Looking at microservices, almost all cloud natives contain the definition of microservices. Corresponding to microservice is the single application, microservice has a theoretical basis -- Conway's Law, guide how to dismantle the service. But anything that can be called a law, the text looks very simple, can really grasp its essence or thorough understanding of it is very difficult, sometimes the micro service is not good, but it is a disaster. How well a microservice can be dismantled is really limited by the architect's understanding of the business scenario and macro abstraction.
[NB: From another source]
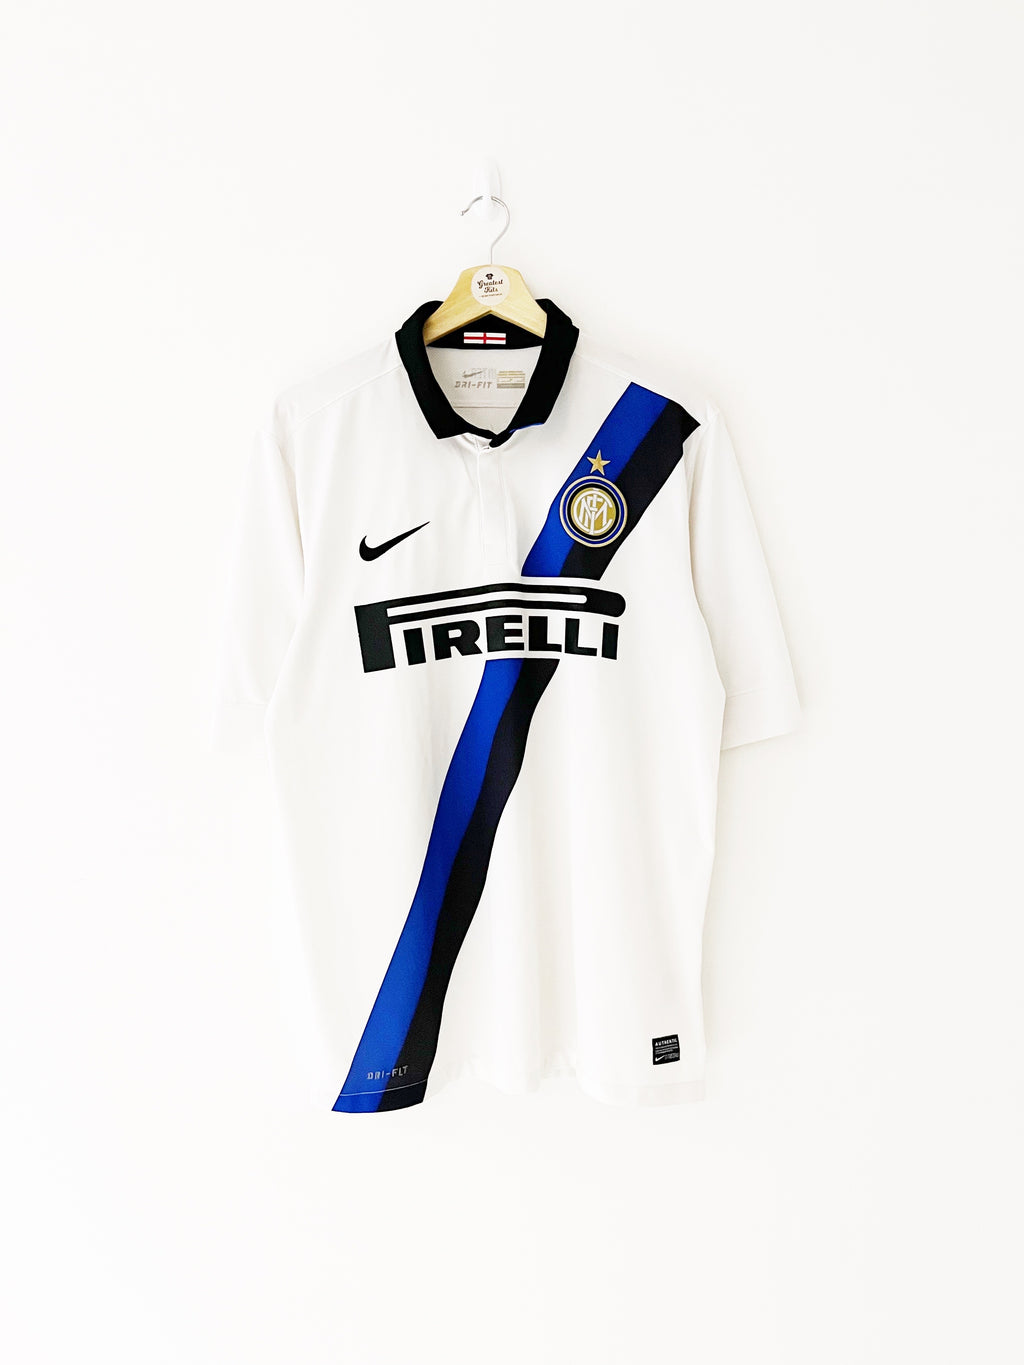 2009-10 AC Milan adidas Polo Shirt - 8/10 - (M/L)

Containerization refers to the use of open source technology stack, which generally means that K8S and Docker are containerized. Based on micro-service architecture, the flexibility and expansibility of the entire system are improved. With the help of agile methods and DevOps, continuous iteration is supported.
So if you put these four factors together, cloud native is really about two words: cost and efficiency, that is, the industrialization of the entire software development.
2. Cloud native definition of big data
Based on the discussion above, cloud native is about making full use of the cloud computing software delivery model to build and run applications in the process of turning source code into a product, so as to industrialize the entire software production, thereby reducing costs and increasing efficiency.
How to deduce the cloud native of big data according to this principle? "Big data" is also a hot word at present. I personally understand that big data is actually the analysis and processing technology of super-large data sets. There are two official definitions of big data: First, McKinsey believes that the scale of index data exceeds the data set acquired, managed, stored and analyzed by conventional database tools, but it also emphasizes that big data is not data exceeding a certain size. Second, IDC believes that big data has four characteristics: large data scale; Fast data flow; Type; Low value density.
It can be seen that no matter which definition, the basic characteristic of big data is that it is very large in scale, which is difficult to be processed by conventional management means, which means that more complex distributed systems and parallel computing are needed to solve it, and complexity also means higher cost and lower efficiency.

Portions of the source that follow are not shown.